Dear xinhui,
Am 13.04.22 um 08:46 schrieb xinhui pan:
ttm_device_delayed_workqueue would reschedule itself if there is pending
BO to be destroyed. So just one flush + cancel_sync is not enough. We
still see lru_list not empty warnging.
warning
(`scripts/checkpatch.pl --codespell` should have found this.)
Fix it by waiting all BO to be destroyed.
Please explain the waiting algorithm. Why at least one millisecond?
Do you have a reproducer for this issue?
Acked-by: Guchun Chen <guchun.chen@xxxxxxx>
Signed-off-by: xinhui pan <xinhui.pan@xxxxxxx>
---
drivers/gpu/drm/amd/amdgpu/amdgpu_device.c | 10 ++++++++--
1 file changed, 8 insertions(+), 2 deletions(-)
diff --git a/drivers/gpu/drm/amd/amdgpu/amdgpu_device.c b/drivers/gpu/drm/amd/amdgpu/amdgpu_device.c
index 6f47726f1765..56dcf8c3a3cd 100644
--- a/drivers/gpu/drm/amd/amdgpu/amdgpu_device.c
+++ b/drivers/gpu/drm/amd/amdgpu/amdgpu_device.c
@@ -3957,11 +3957,17 @@ static void amdgpu_device_unmap_mmio(struct amdgpu_device *adev)
*/
void amdgpu_device_fini_hw(struct amdgpu_device *adev)
{
+ int pending = 1;
Could this be bool?
+
dev_info(adev->dev, "amdgpu: finishing device.\n");
flush_delayed_work(&adev->delayed_init_work);
- if (adev->mman.initialized) {
+ while (adev->mman.initialized && pending) {
flush_delayed_work(&adev->mman.bdev.wq);
- ttm_bo_lock_delayed_workqueue(&adev->mman.bdev);
+ pending = ttm_bo_lock_delayed_workqueue(&adev->mman.bdev);
+ if (pending) {
+ ttm_bo_unlock_delayed_workqueue(&adev->mman.bdev, true);
Does this call affect `adev->mman.initialized`? If not a do-while loop
might be better suited, so pending is only checked once.
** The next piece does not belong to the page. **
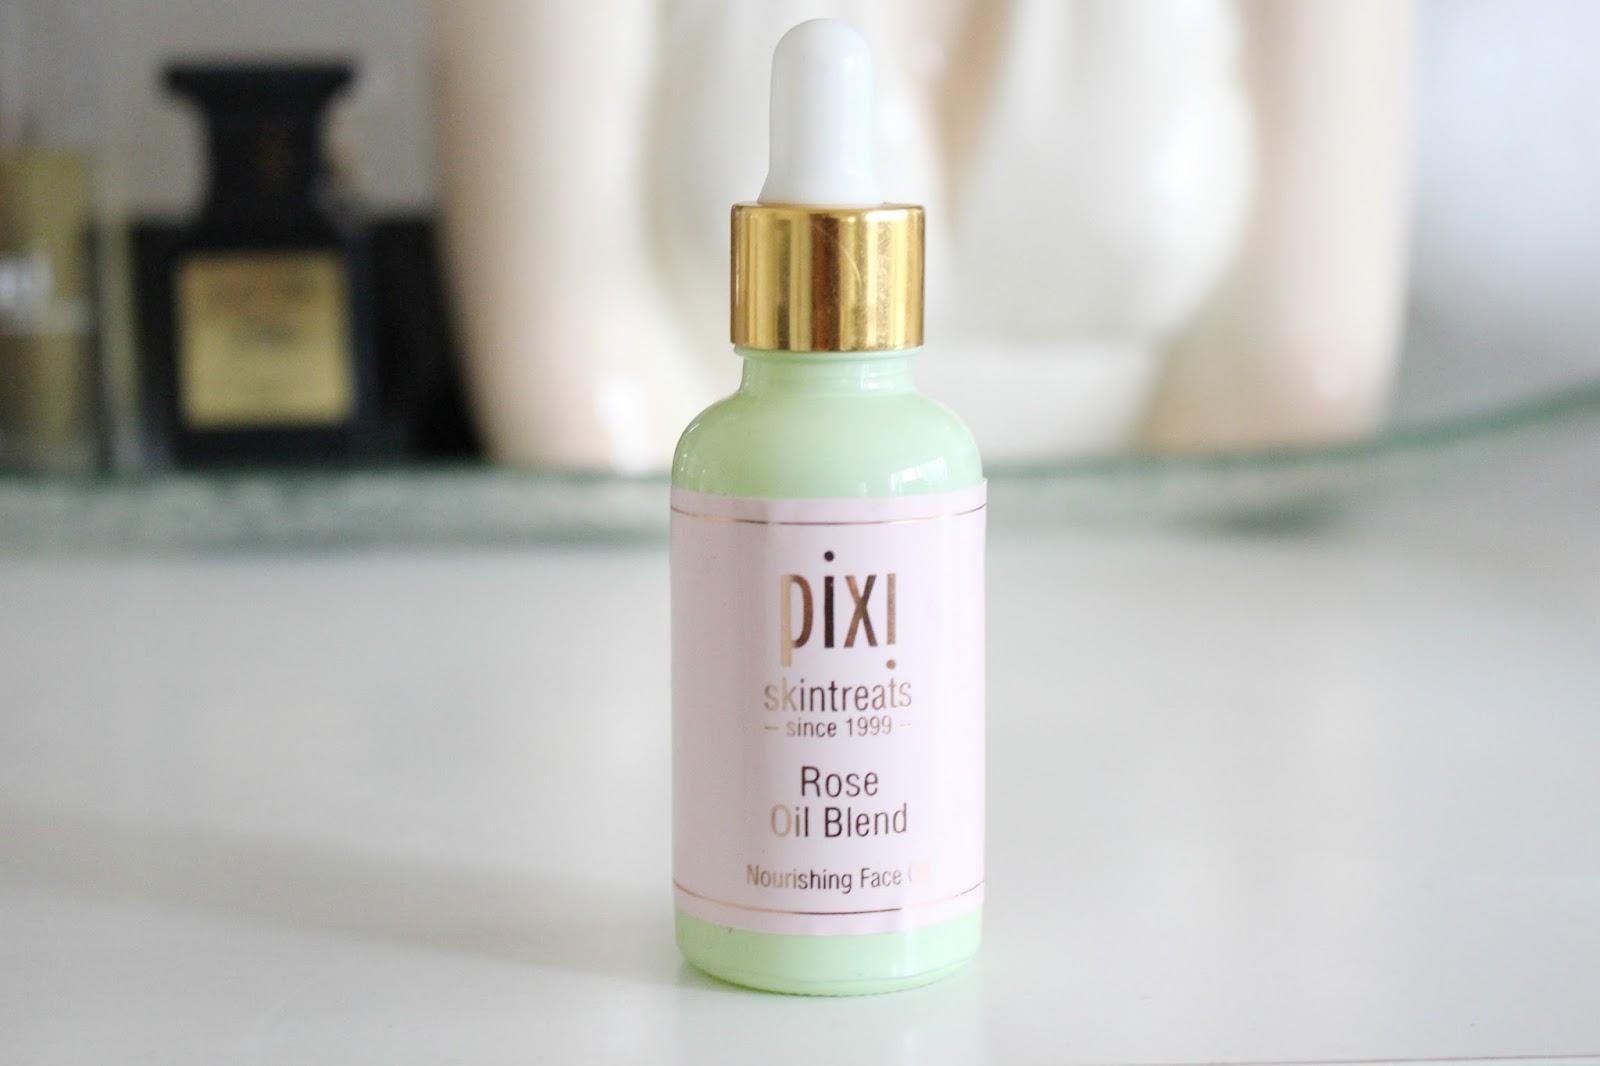 beauty oils for combination skin, facial oils for combination skin, pix rose oil blend
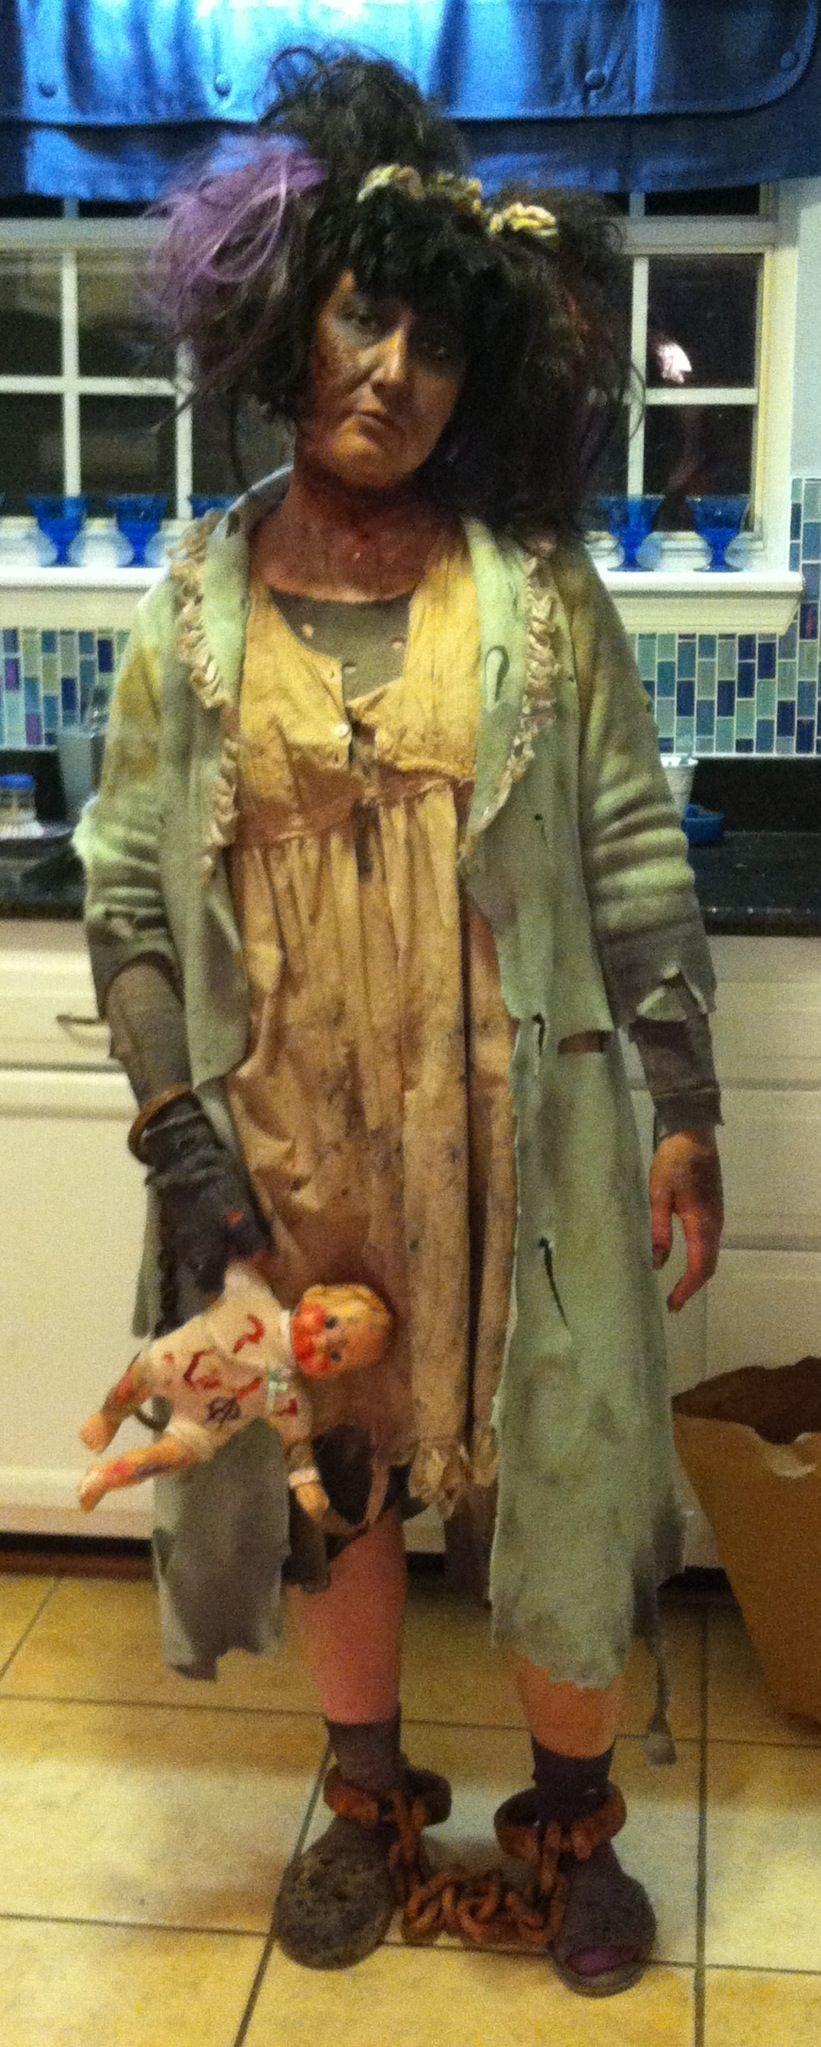 Asylum patient … | Halloween props | Pinterest | Asylum, Insane ...

if (adev->mman.initialized) {
do {
flush_delayed_work(&adev->mman.bdev.wq);
ttm_bo_unlock_delayed_workqueue(&adev->mman.bdev, true);
msleep(((HZ / 100) < 1) ? 1 : HZ / 100);
} while (ttm_bo_lock_delayed_workqueue(&adev->mman.bdev));
}
The logic is slightly different, as
`ttm_bo_unlock_delayed_workqueue(&adev->mman.bdev, true);` and the sleep
are run at least once, so the suggestion might be unsuitable.
+ msleep(((HZ / 100) < 1) ? 1 : HZ / 100);
Maybe add a comment for that formula? (No idea, if common knowledge, but
why is a delay needed, and the loop cannot be run as fast as possible?)
+ }
}
adev->shutdown = true;
Kind regards,
Paul